In late August, Bloomberg BusinessWeek featured an article; General Motors CEO Dan Akerson is Not a Car Guy.  We had cited this article in a previous Supply Chain Matters commentary. The article itself reflects on GM’s newly appointed CEO, his lack of direct automotive industry experience, and more importantly his mission to change years of previous in-bred management culture at GM.  With the help of a hefty U.S. government financial subsidy and massive re-organization plan, GM is transforming itself to a leaner company.  Thousands of jobs have been shed and the survivors are being asked to be much more productive, agile and out-of-the-box thinkers. The article provides one management perspective quote from Akerson: “It’s not my role to make people comfortable. I don’t know what it was like five years ago, and really I don’t care. We are in a war.”

 

The article, however unintended, perhaps provides us another perspective relative to the current Volt situation. It cites a December 2010 management meeting when the Volt product development team had developed its plans to initially build 45,000 Volts, and assumed that the plan was “baked and ready to go”. Akerson instead challenged the team to come up with a plan to build 120,000 units, under the assumption that someone informed him (perhaps from sales and marketing) that a vehicle needs to sell at least 100,000 units to be successful.  Volt engineering and product development teams however were keenly aware that it took Toyota and its Prius model about seven years to hit the numbers that Akerson was requesting.  The other looming implication was that contracted suppliers would have to quickly nearly triple the volume of the vehicle’s high tech parts, especially its volume supply of lithium-ion batteries. 

 

While readers can take in the rest of the story, we jump ahead to note that the final decision was to set a build plan for 60,000 units, one-third more than the originally recommended plan, but half the Akerson unconstrained challenge plan of 120,000.

 

A recent Wall Street Journal article (paid subscription or free metered view) reflects on the current Volt situation before the fires.   The article also notes that supply was especially short through July, when only 550 of 2600 interested dealers had a Volt to show off to customers. Toward the article’s end, there are comments from GM legend and former Vice Chairman Bob Lutz, the originator of the Volt concept design.  Lutz notes that the car’s main problem is the high expectations it faces, and that this year’s build plan was far too ambitious and the ramp-up was just too slow.
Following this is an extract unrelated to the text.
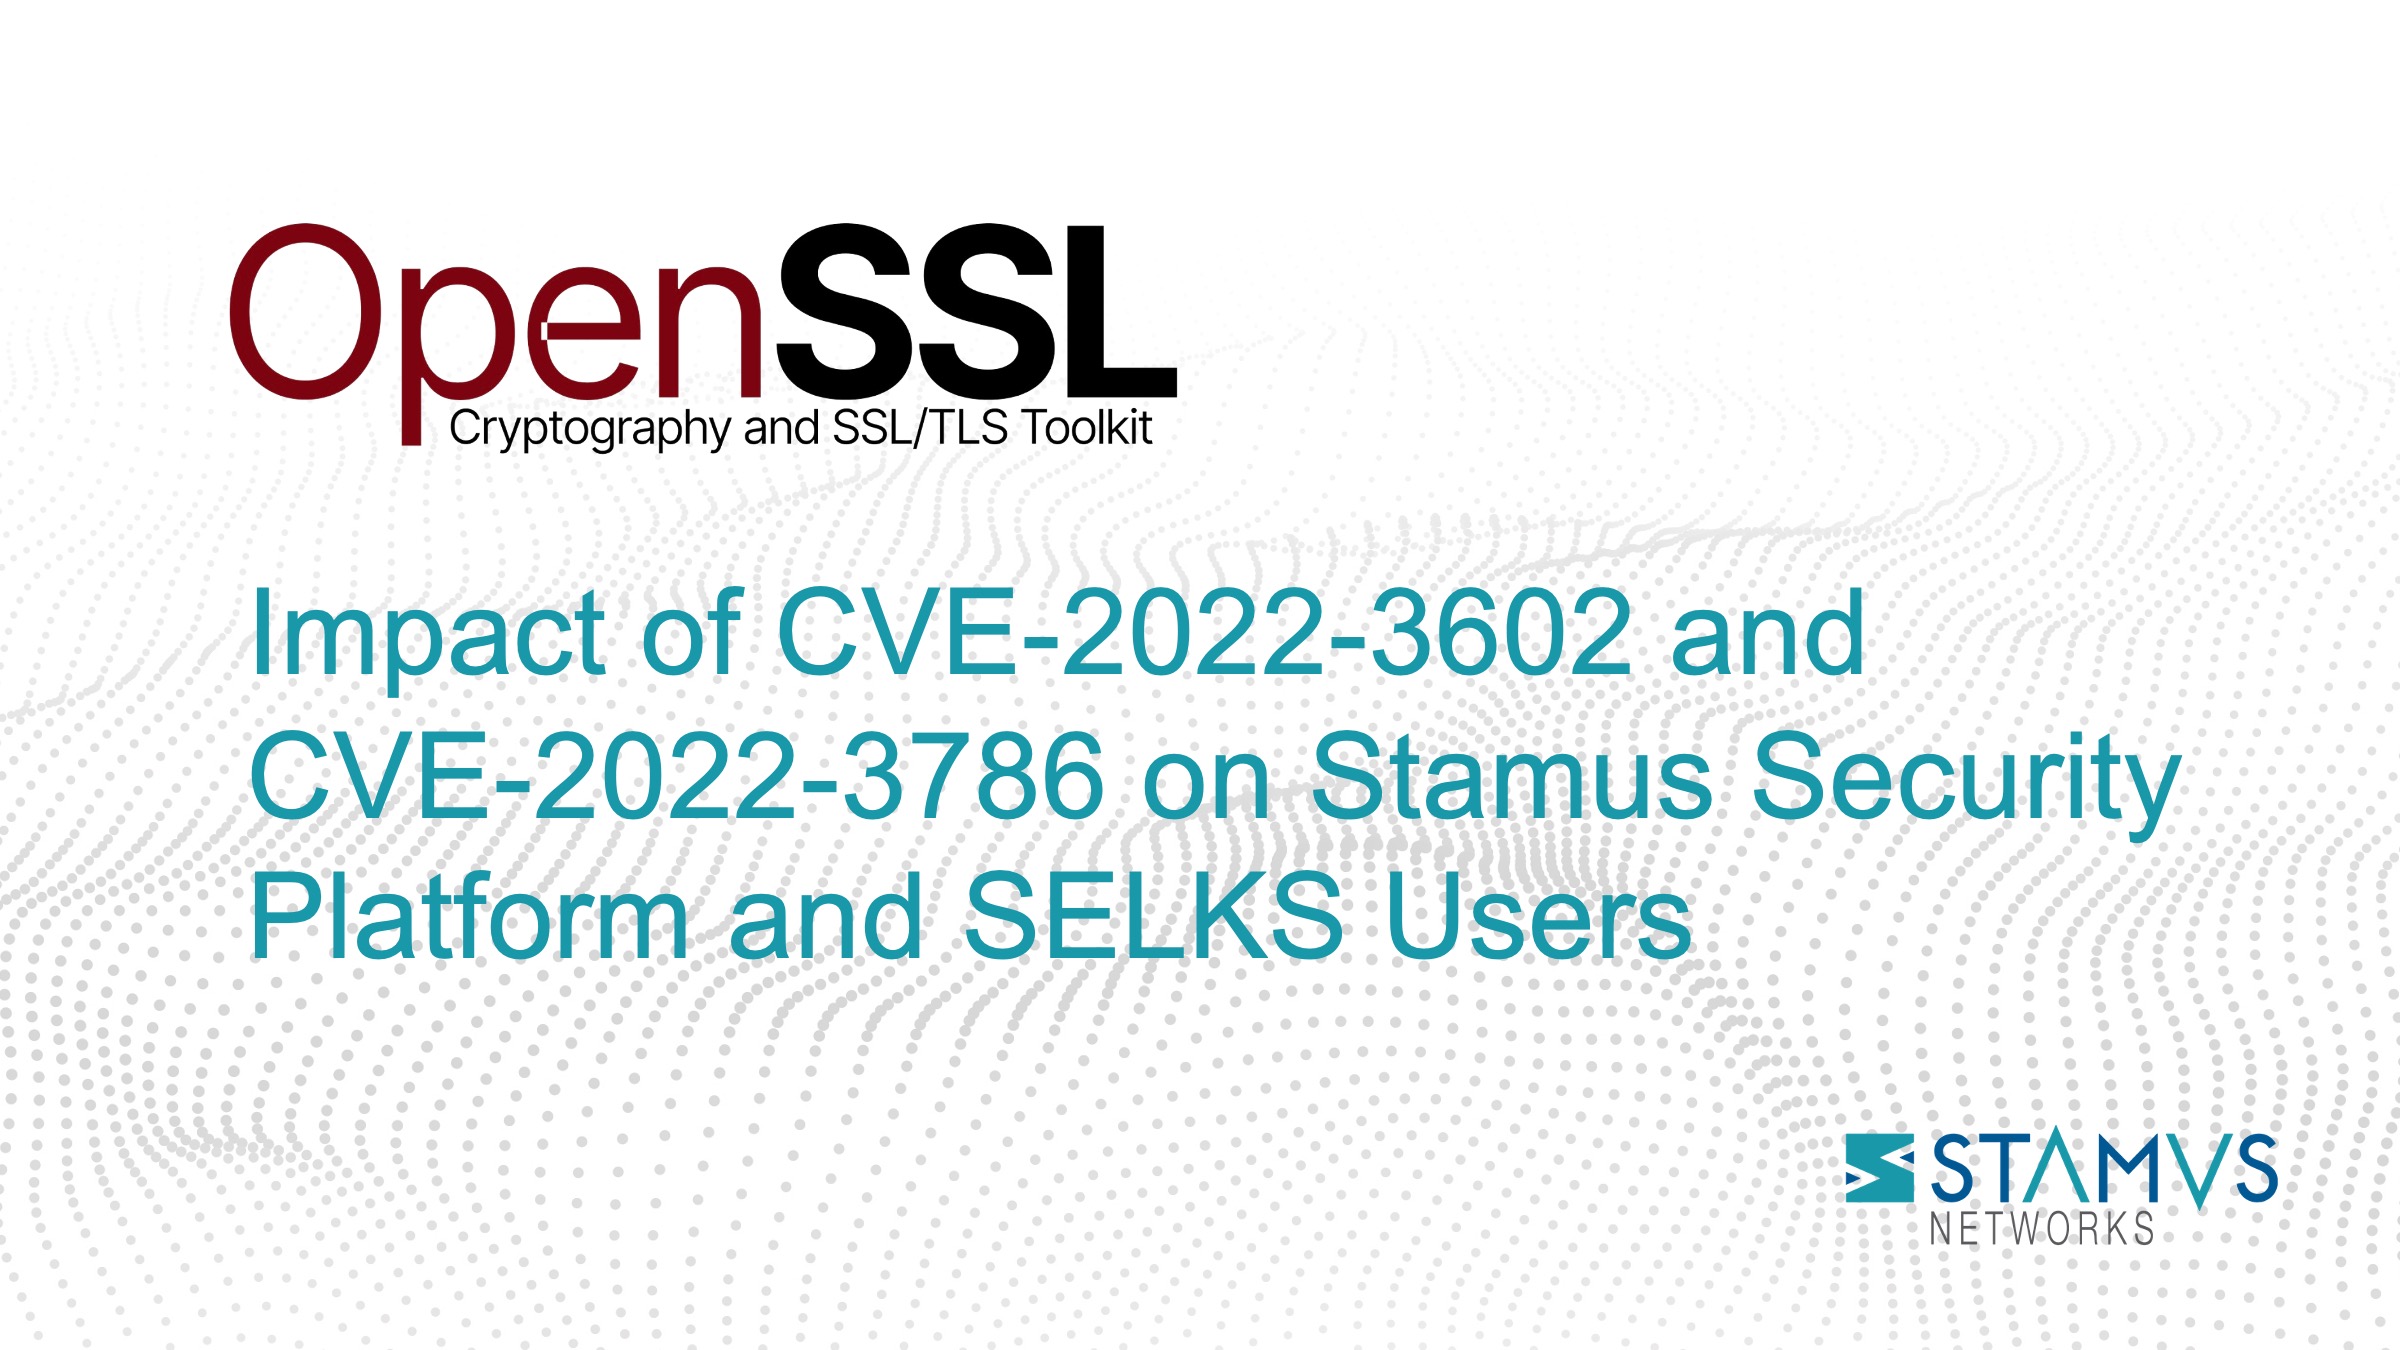 IMAGE: Impact of OpenSSL CVE-2022-3602 and CVE-2022-3786 on SSP and SELKS Users

Mr. Lutz affirmed his belief in the success of the Volt and described its ultimate success in  baseball analogy  as a “bases-loaded home run “. While we certainly do not profess to know all of the facts and details surrounding the Volt’s product plans and can only speculate what is being written, there is some learning surrounding this evolving story.

 

The point of view of Supply Chain Matters is that CEO’s and senior management have every right to challenge the status quo and encourage innovative thinking.  That stated, there is also the notion that operational and supply chain experience provides a basis of some understanding of what may be realistic plans, given various realities of ramp-up planning, volume production and testing.  Readers may also recall that other hybrids such as the Prius have experienced other problems along the way, such as braking, engine stalling and software issues, which were all overcome. After all, this is new technology.

 

The most innovative design or coolest product can only succeed when all the links in the supply chain operate together, and, when appropriate, the voice and experience of supply chain should trump the needs for bravado.